Rudakowski's reports suggest the existence of a high degree of cooperation between the great nobles or 'magnates' and the heads of the Roman Catholic and Uniate hierarchies. He found the mass of 'the Poles' – the szlachta – wholly devoted to the Roman cause: every one of them was 'an apostle'; not only the Roman secessionists but even the Jews, he complained, call the people of the Greek religion accursed schismatics, imbued with the Muscovite spirit. 'The Romans', says Rudakowski, 'distinguish us from the [Protestant] dissenters in calling us dis-Uniates but persecute us with even greater vigour', adding that article four of the Act of 1717 was being applied also to the Orthodox and that the election of Orthodox deputies to the Sejm was being prevented. The Orthodox gentry receive no other mention but, according to Rudakowski, there were over one million ordinary Orthodox inhabitants of the Republic ready to lay down their lives for their faith. The diplomat B.I. Kurakin in some notes jotted down about the same time on the relations between Russia and the peoples of the eastern provinces of the Republic expressed a similar view: in a future war with Poland these Orthodox peoples could be of great help in creating confusion in the enemy ranks.

In the discharge of his duties Rudakowski was given to exceeding his instructions. Dolgorukii criticized him and the tsar chided him for embroiling himself in the feud between some of the 'stauropigial' monasteries, jealous of their autonomy, and the authoritarian Czetwertyński.

Early in 1725 Rudakowski was recalled by the Empress Catherine I who had succeeded her husband, Peter the Great, in February of that year. According to the former commissioner's final report, he had fallen victim to false accusations made by his enemies in White Russia, although he also mentions as a motive for his recall the need to keep the szlachta quiet at the forthcoming Sejm and in another paragraph states that 'the Poles' had demanded his recall in order to be able to convert the Republic's inhabitants of the Greek faith for the sake of political unanimity so that they could deprive the Russian Empire of Kiev, Smolensk and Livonia. The demand in question had been addressed to the new Russian envoy, V.L. Dolgorukii, towards the end of 1724 after the Sejm of that year by the Polish ministers and senators. Rudakowski, they said, was breaking the peace between the Catholic clergy and the dis-Uniates, his presence on the Republic's territory was without precedent (which was not the case). The memory of the tumult of Thorn was still fresh in Polish minds and the fear of more interconfesional strife was genuine.
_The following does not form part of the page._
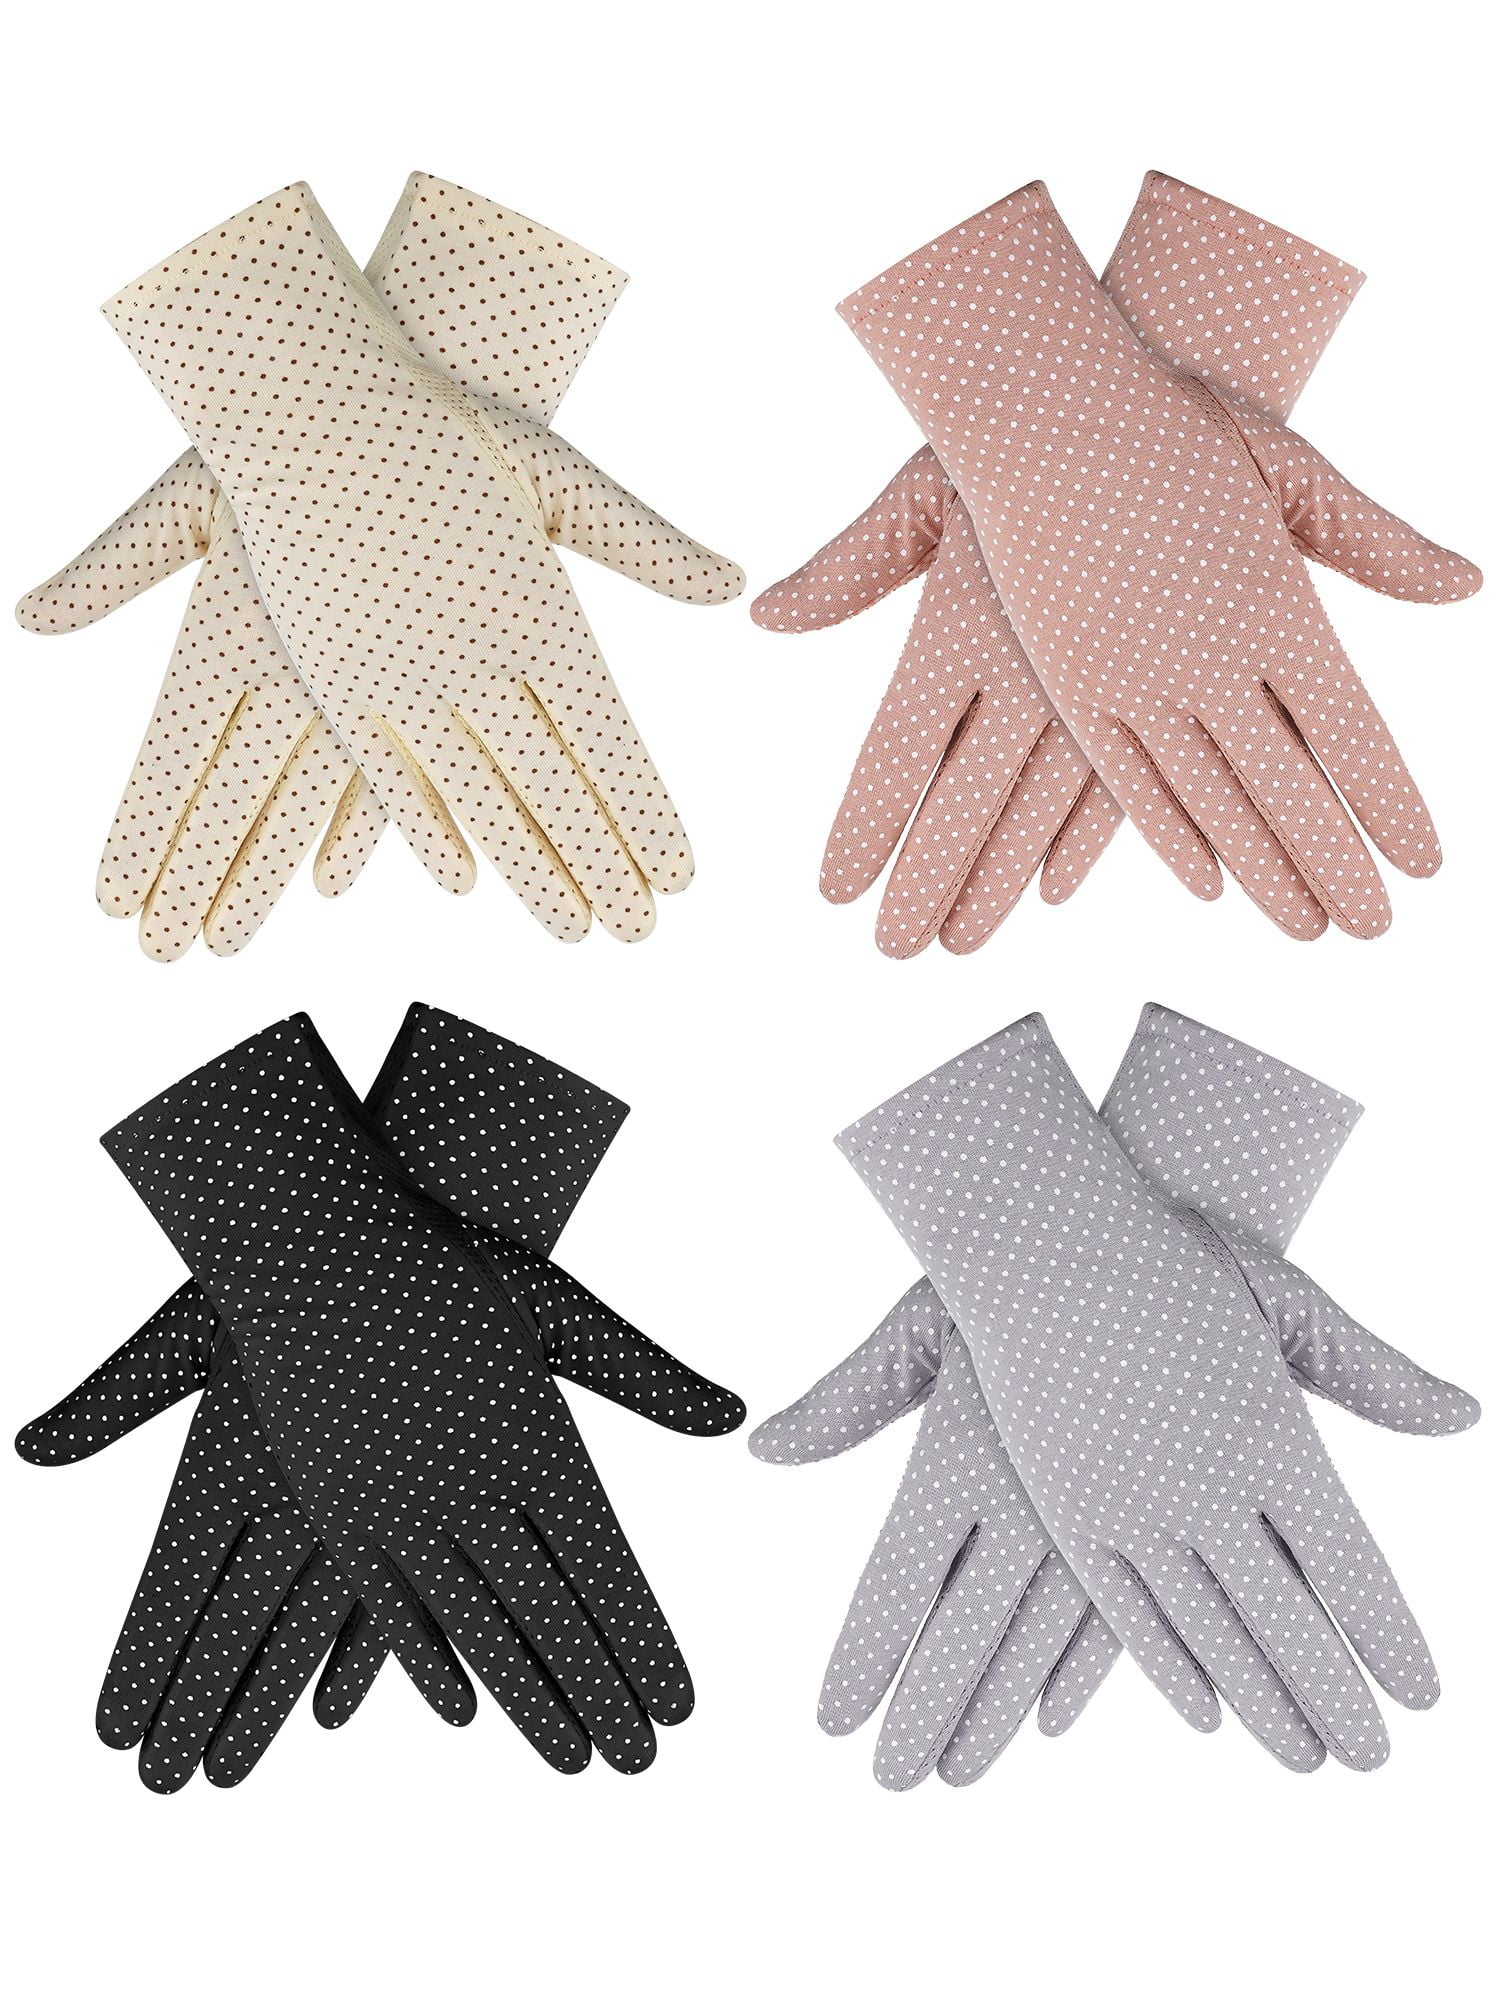 Blulu 4 Pairs Summer UV Protection Sunblock Gloves Non-slip Touchscreen Driving Gloves Bowknot Floral Gloves for Women Girls Black 2, Khaki 2, Pink 2, Beige 2 
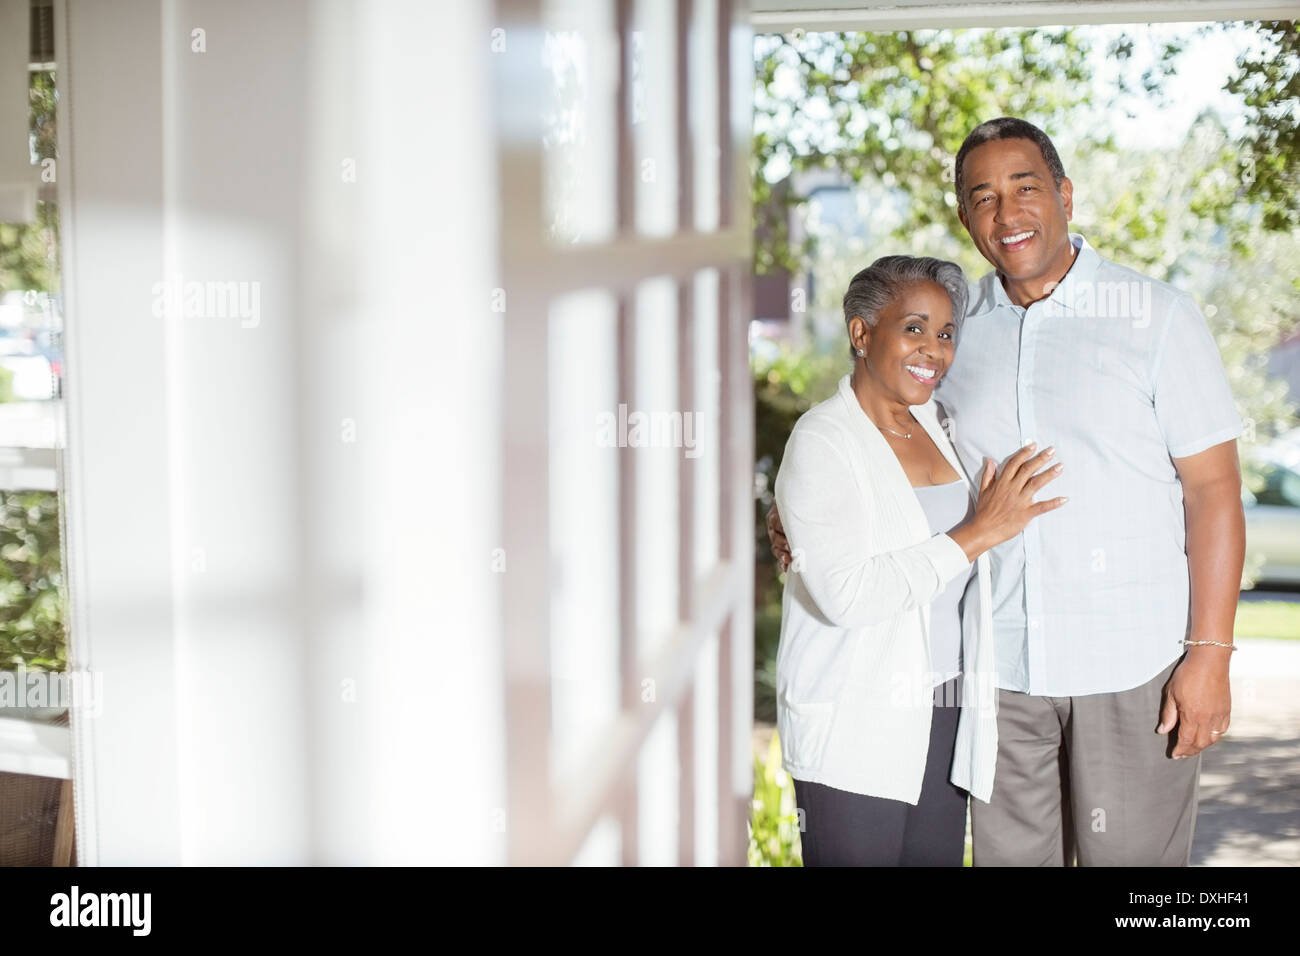 Portrait of smiling senior couple in doorway Stock Photo

Rudakowski in his report asserted that to have first given the Orthodox official protection and next to have withdrawn it (by recalling him) was shameful and put them in jeopardy. There is some justice in this opinion but what Rudakowski saw as loss of face was proof that the Russians – by that time led by Catherine I and her favourite, Menshikov, a sworn enemy of the Union – like Peter the Great before them, set greater store by their good relations with the Poles and Lithuanians than they cared for the condition of the Orthodox confession in White Russia and could afford a small tactical concession. In place of Rudakowski a member of the suite of Vasilii L. Dolgorukii was to be sent occasionally to White Russia to report on the treatment of the local Orthodox inhabitants.


* The adjudicator in disputes between peasants on Crown estates and their landlords and a judge in a variety of courts.